Eight years of ozone measurements retrieved from the Ozone Monitoring Instrument and the Microwave Limb Sounder, both on the EOS Aura satellite, have been assimilated into the Goddard Earth Observing System Version 5 (GEOS-5) data assimilation system. This study evaluates this assimilated product, highlighting its potential for science. The impact of observations on the GEOS-5 system is explored by examining the spatial distribution of the observation-minus-forecast statistics. Independent data are used for product validation. The correlation of the lower stratospheric (the tropopause to 50 hPa) ozone column with ozonesondes is 0.99 and the (high) bias is 0.5%, indicating the success of the assimilation in reproducing the ozone variability in that layer. The upper tropospheric (500 hPa to the tropopause) assimilated ozone column is about 10% lower than the ozonesonde column, but the correlation is still high (0.87). The assimilation is shown to realistically capture the sharp cross-tropopause gradient in ozone mixing ratio. Occurrence of transport-driven low ozone laminae in the assimilation system is similar to that obtained from the High Resolution Dynamics Limb Sounder (HIRDLS) above the 400 K potential temperature surface, but the assimilation produces fewer laminae than seen by HIRDLS below that surface. Although the assimilation produces about 25% fewer occurrences per day during the 3 years of HIRDLS data, the interannual variability is captured correctly. This data-driven assimilated product is complementary to ozone fields generated from chemistry and transport models. Applications include study of the radiative forcing by ozone and tracer transport near the tropopause.
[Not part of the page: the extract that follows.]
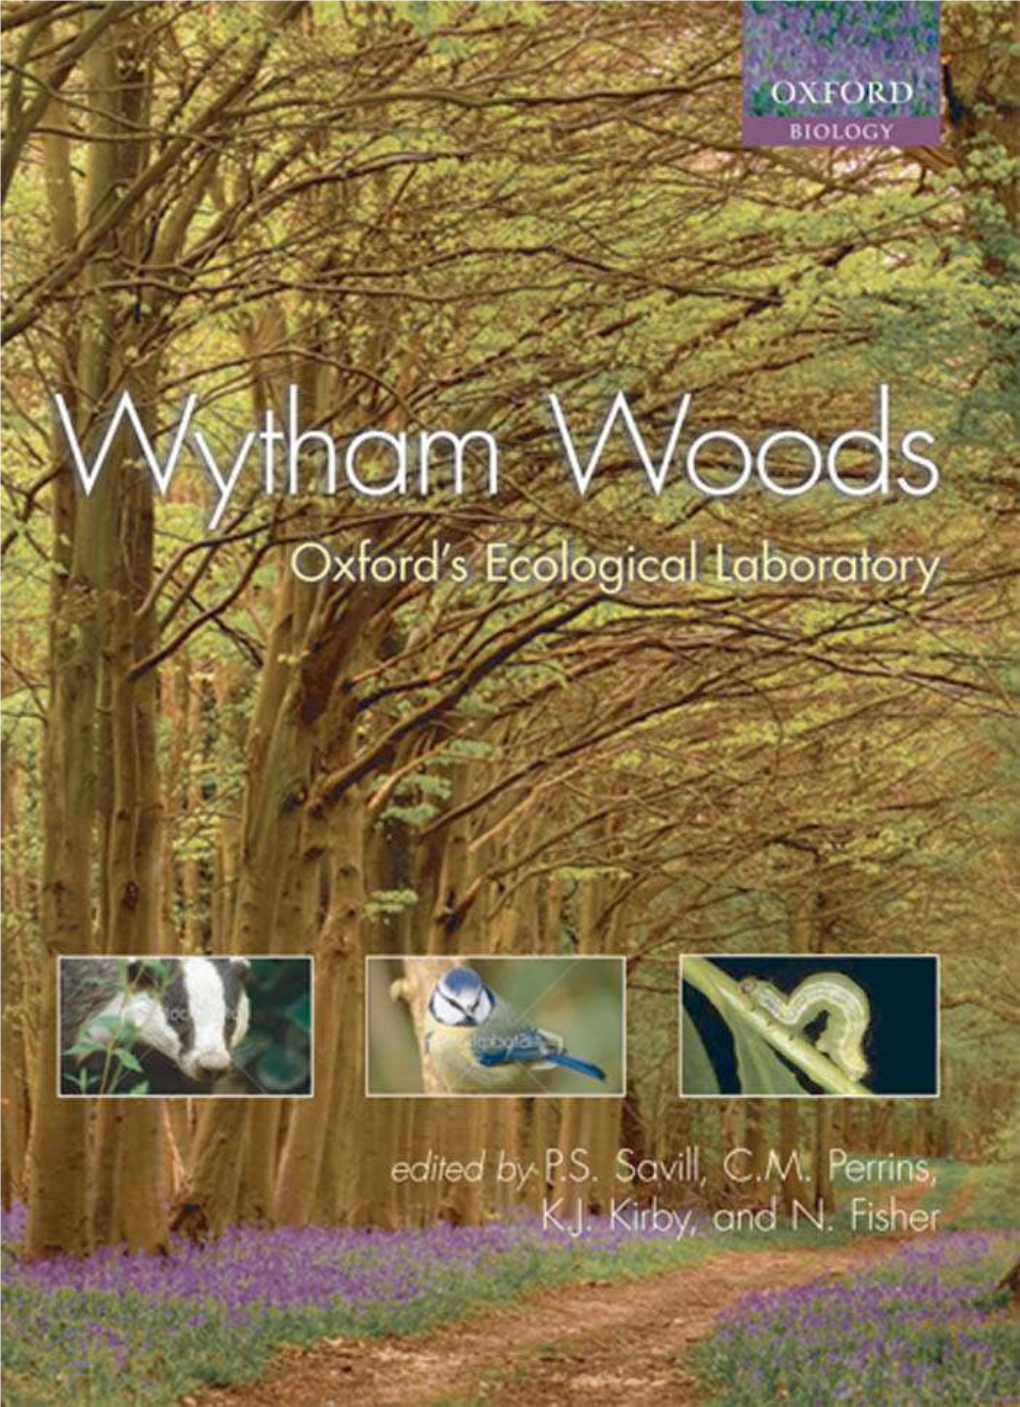 Wytham Woods Oxford's Ecological Laboratory
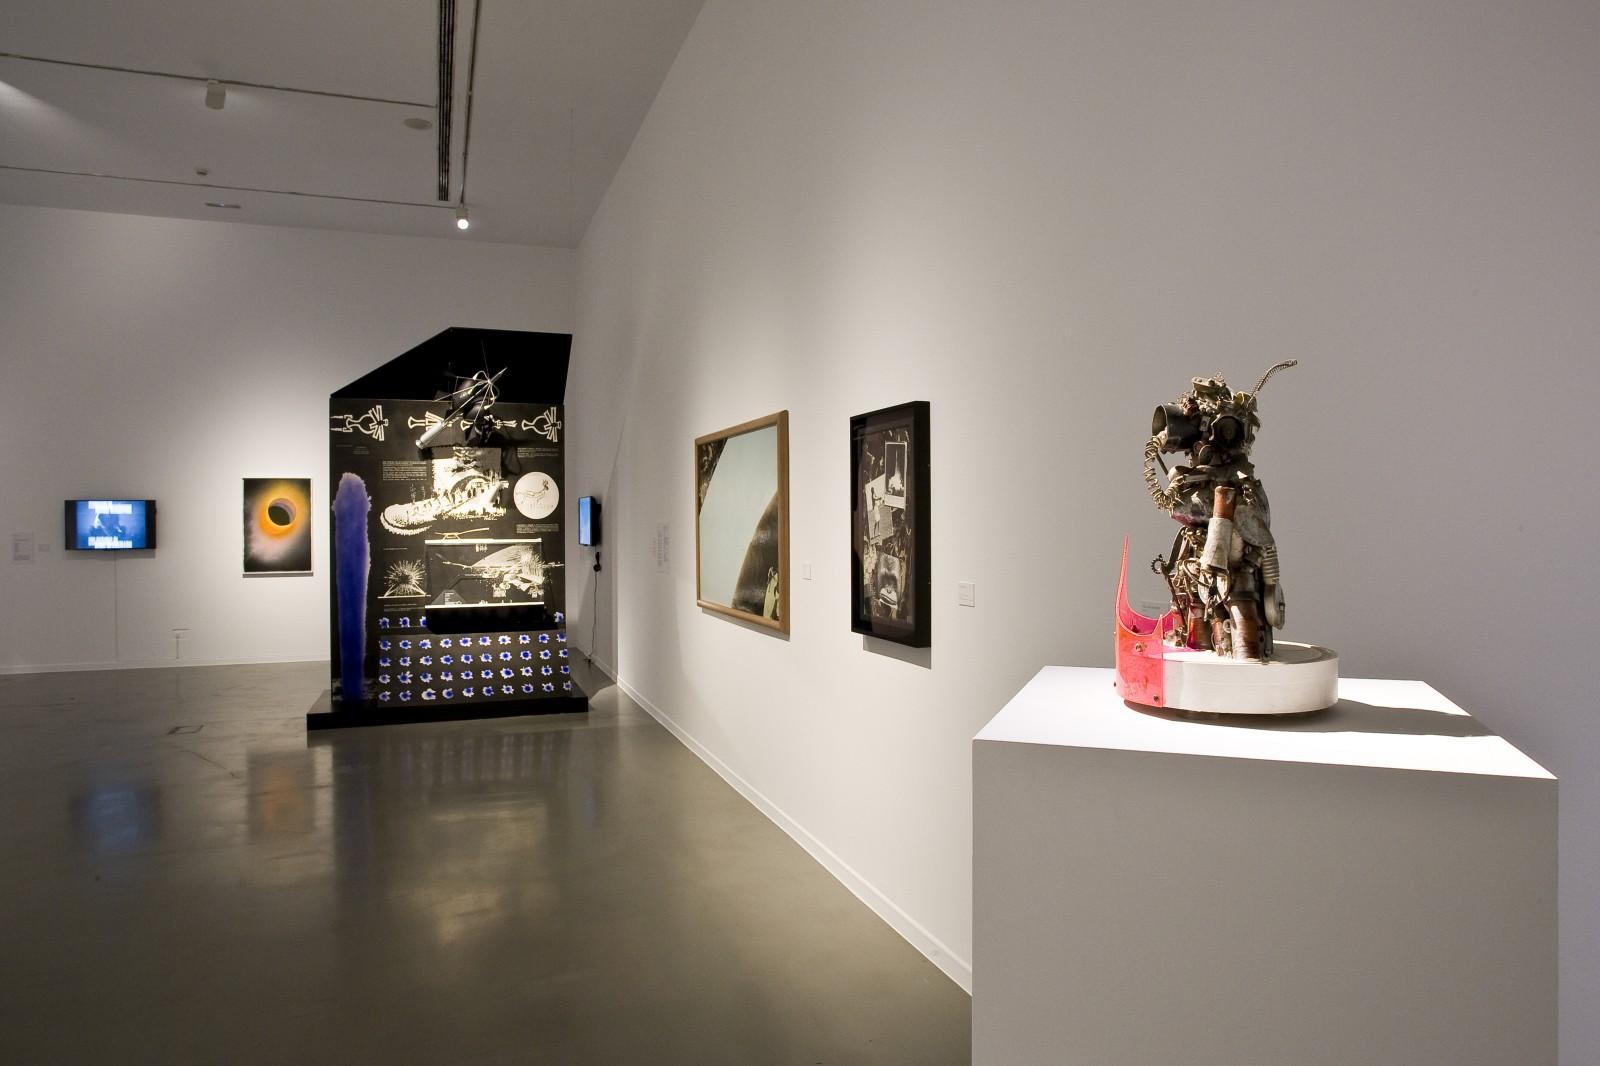 View of the exhibition "Ars'tronomy", La Casa Encendida, 2015

Assessment and applications of NASA ozone data products derived from Aura OMI/MLS satellite measurements in context of the GMI chemical transport model

Measurements from the Ozone Monitoring Instrument (OMI) and Microwave Limb Sounder (MLS), both on board the Aura spacecraft, have been used to produce daily global maps of column and profile ozone since August 2004. Here we compare and evaluate three strategies to obtain daily maps of tropospheric and stratospheric ozone from OMI and MLS measurements: trajectory mapping, direct profile retrieval, and data assimilation. Evaluation is based on an assessment that includes validation using ozonesondes and comparisons with the Global Modeling Initiative (GMI) chemical transport model. We investigate applications of the three ozone data products from near-decadal and interannual time scales to day-to-day case studies. Interannual changes in zonal mean tropospheric ozone from all of the products in any latitude range are of the order 1–2 Dobson units while changes (increases) over the 8 year Aura record investigated vary by 2–4 Dobson units. It is demonstrated that all of the ozone products can measure and monitor exceptional tropospheric ozone events including major forest fire and pollution transport events. Stratospheric ozone during the Aura record has several anomalous interannual events including split stratospheric warmings in the Northern Hemisphere extratropics that are well captured using the data assimilation ozone profile product. Data assimilation with continuous daily global coverage and vertical ozone profile information is the best of the three strategies at generating a global tropospheric and stratospheric ozone product for science applications.